What you will do:
From the first line to the last, set down the material exactly and drop every picture.

Supplied material:

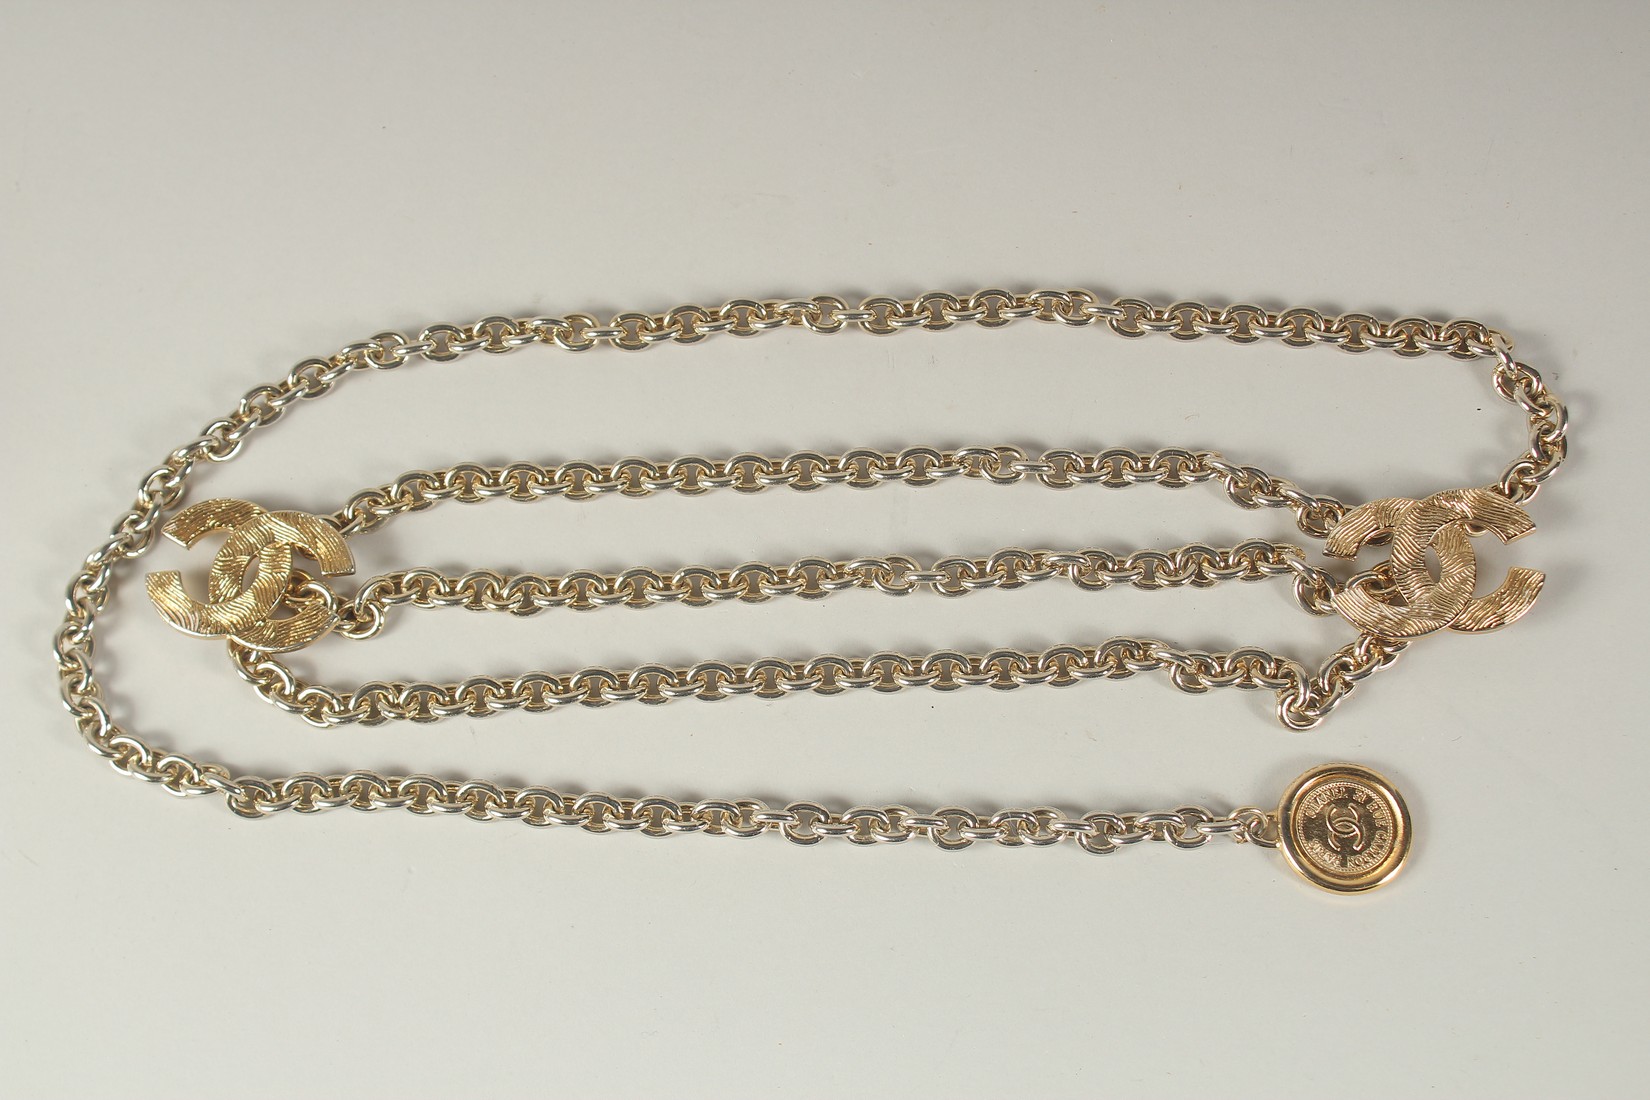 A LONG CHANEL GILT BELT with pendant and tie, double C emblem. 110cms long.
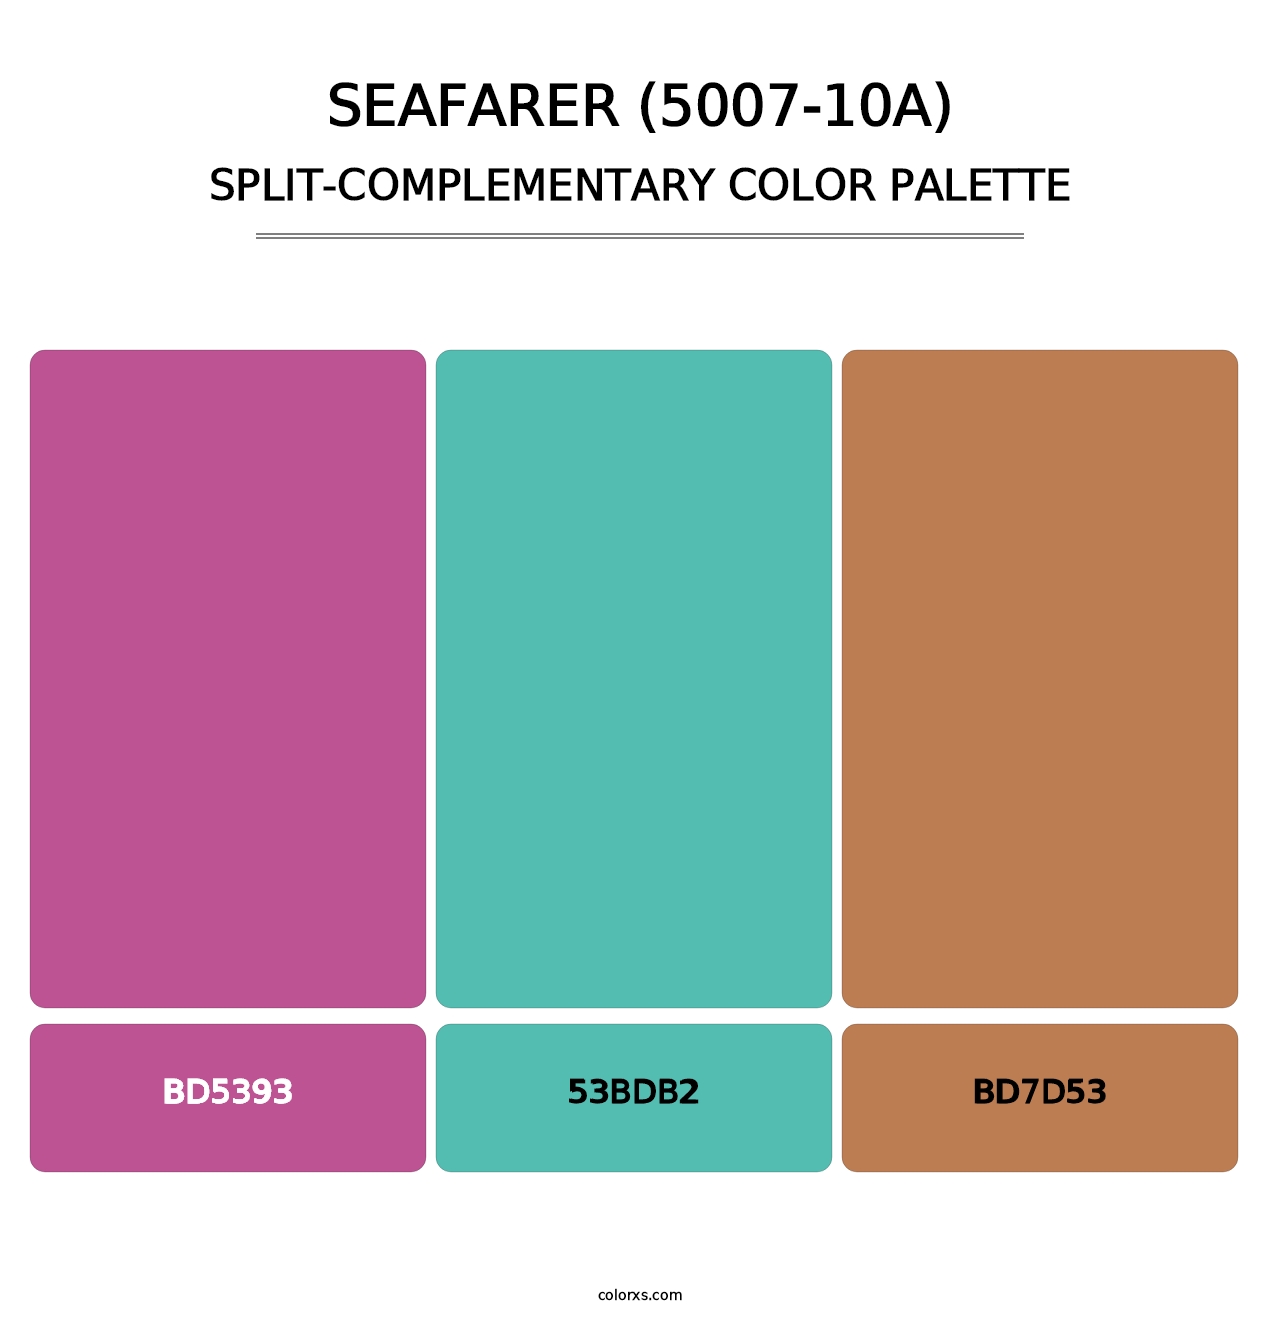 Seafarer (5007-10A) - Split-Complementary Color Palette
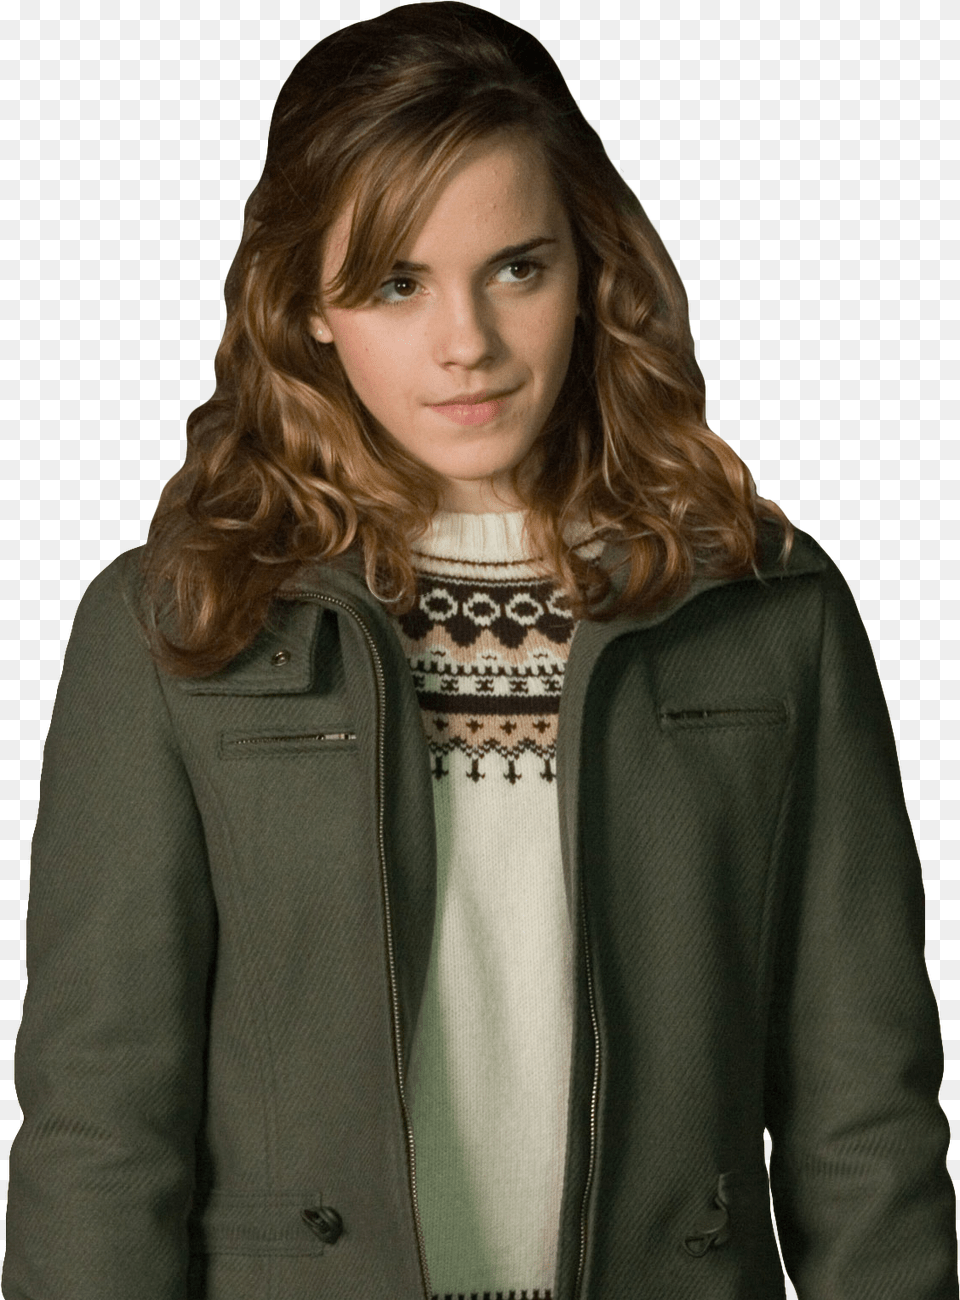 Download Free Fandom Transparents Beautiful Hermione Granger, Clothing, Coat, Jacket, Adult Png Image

Task answer:
 A LONG CHANEL GILT BELT with pendant and tie, double C emblem. 110cms long.
 Seafarer (5007-10A) - Split-Complementary Color Palette
 Download Free Fandom Transparents Beautiful Hermione Granger, Clothing, Coat, Jacket, Adult Png Image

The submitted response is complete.